Работа Rotten Fantom для проекта «Туга»

— Если музыканты порой теряют интерес к теме, когда снижается градус ее радикальности, можно ли сказать, что в основном бм-музыкантам важны не конкретные идеи, а нигилизм как таковой?

— Сейчас слишком много сцен, проектов и способов их типологизировать: территориально, по поджанрам, по темам, по отношению к коммерциализации, доступности, участию в фестивалях и т. д. То есть при всем желании сложно получить статистику, каких команд больше, и тем более разобраться, по каким причинам музыканты транслируют те или иные идеи и осознанно ли они это делают. Но я не сомневаюсь в существовании тех, для кого просто важно быть радикальными, и для них это основной критерий аутентичности.

— Раньше блэк-метал чаще был идейным и активистским (поджоги церквей, убийства), а сегодня все смешалось, и появились гибриды — от хипстер-блэк-метала и блэк-хопа до блэк-метал пива. Как ты смотришь на эти изменения с точки зрения слушателя и с точки зрения исследователя? И как их воспринимает сцена изнутри?

— Я бы не сказала, что поджоги церквей в прошлом. Но в целом мне кажется естественным, что экспериментов, сюжетов и коммерции стало больше, потому что информация и сама музыка стали доступнее, и мне как исследователю очень нравится, что все смешивается, развивается и усложняется.

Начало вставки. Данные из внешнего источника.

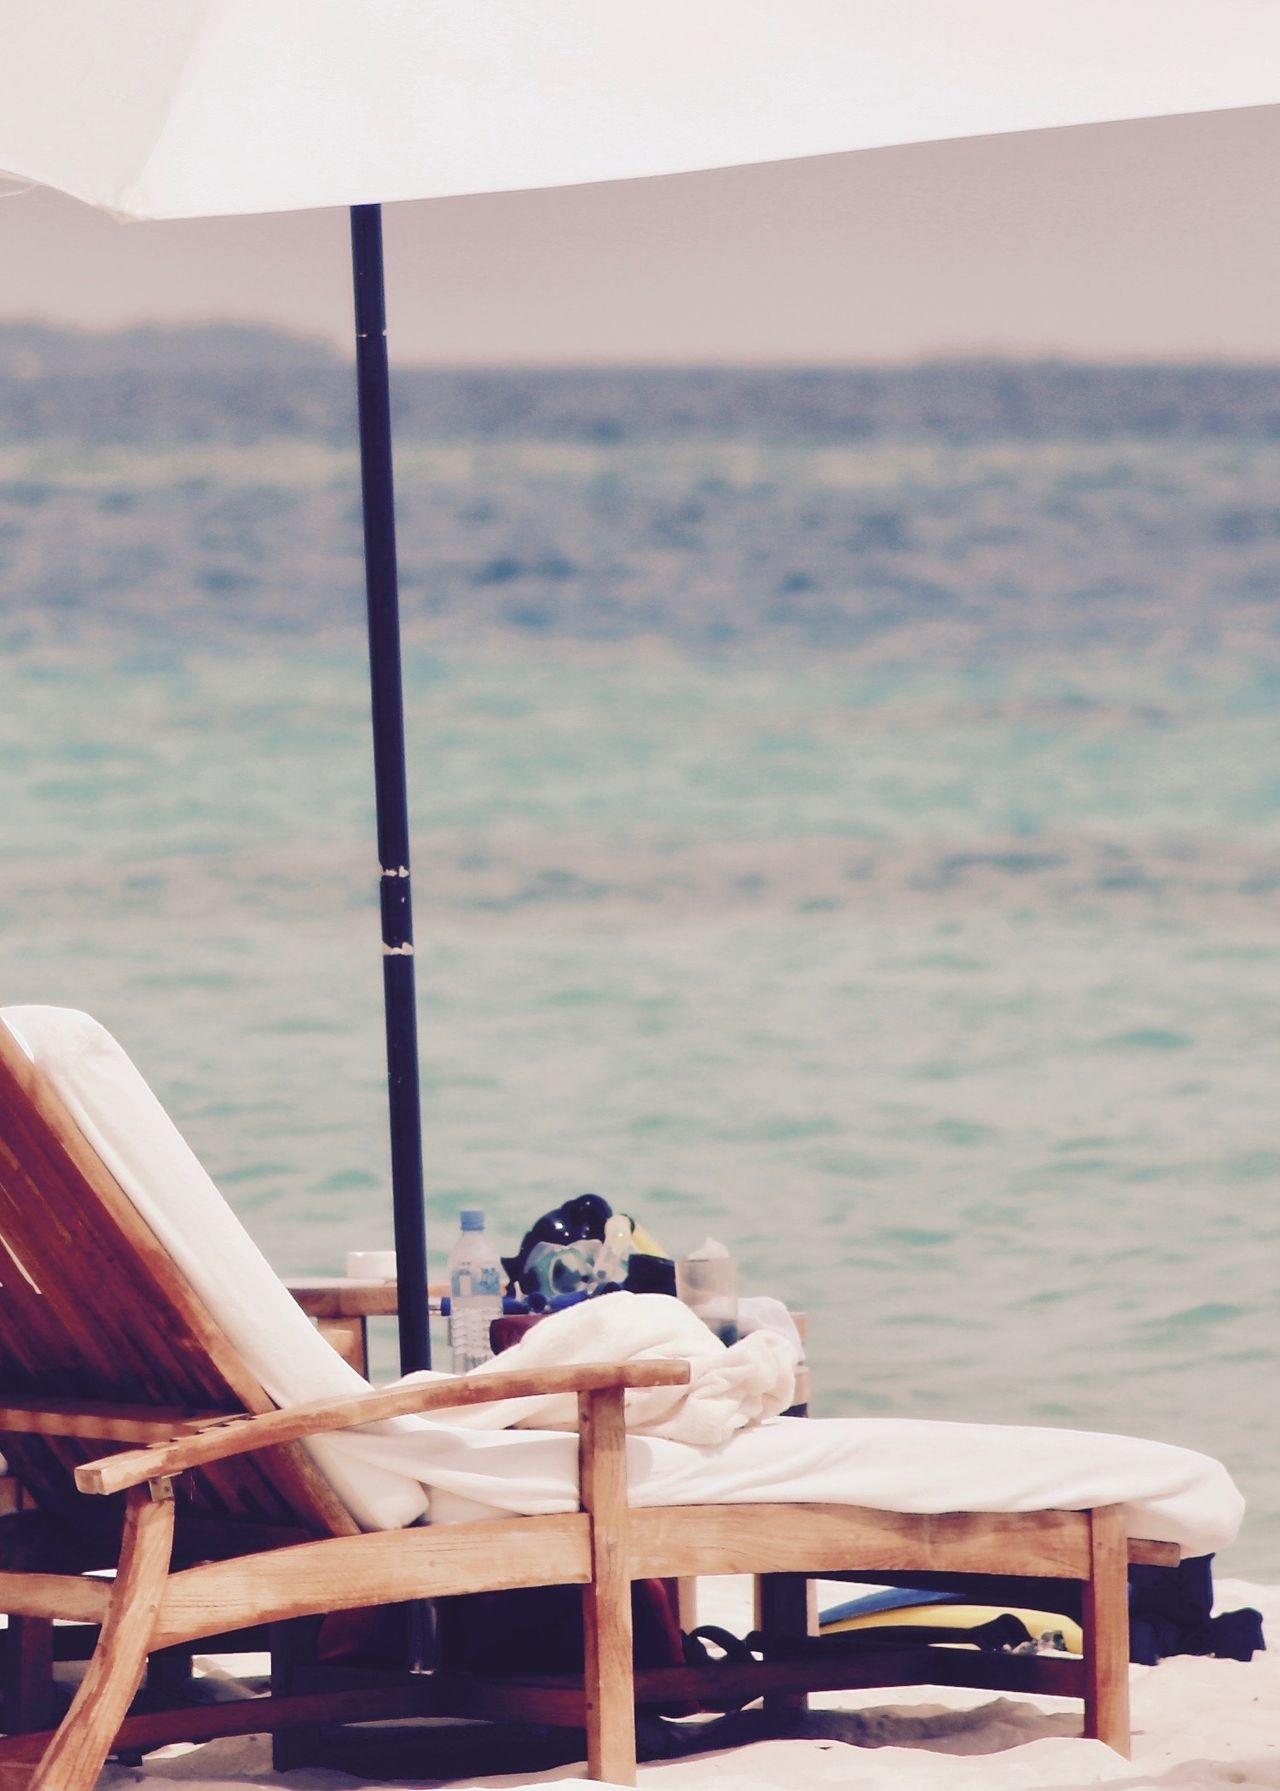 Beach Life Lifestyles Sea Outdoors Nature Travel Sunshine Summer Deck Chair Life Is A Beach Beach Beach Life Colors Light Relaxing Sunbed Scenics Tropical Sand Holiday Nature Design Deckchairs Fun Parasol Horizon Over Water

Если говорить о визуальной стороне дела, то меня в позитивном смысле забавляют тенденции вроде проникновения блэк-метал эстетики в модный графический дизайн (даже было мероприятие, посвященное этой теме). Меня восхищают такие дизайнеры, как Valnoir и его студия Metastazis, которые делают качественные и осмысленные работы для метал-проектов.

Работа студии Metastazis

Сцена неоднородна, потому мнения бытуют самые разные, и мне совсем не хочется вовлекаться в бесконечную дискуссию об аутентичности. Однако, я посоветую прочитать выложенную в свободный доступ главу об андеграундной этике из книги Дайала Паттерсона «Black Metal: Эволюция Культа». Если коротко, там проинтервьюированные автором музыканты говорят о том, что все субъективно, и, возможно, идея андеграунда себя исчерпала, но в любом случае главное — не пытаться угодить публике, а распространять идеи, в которые веришь, пусть не все смогут их понять и принять.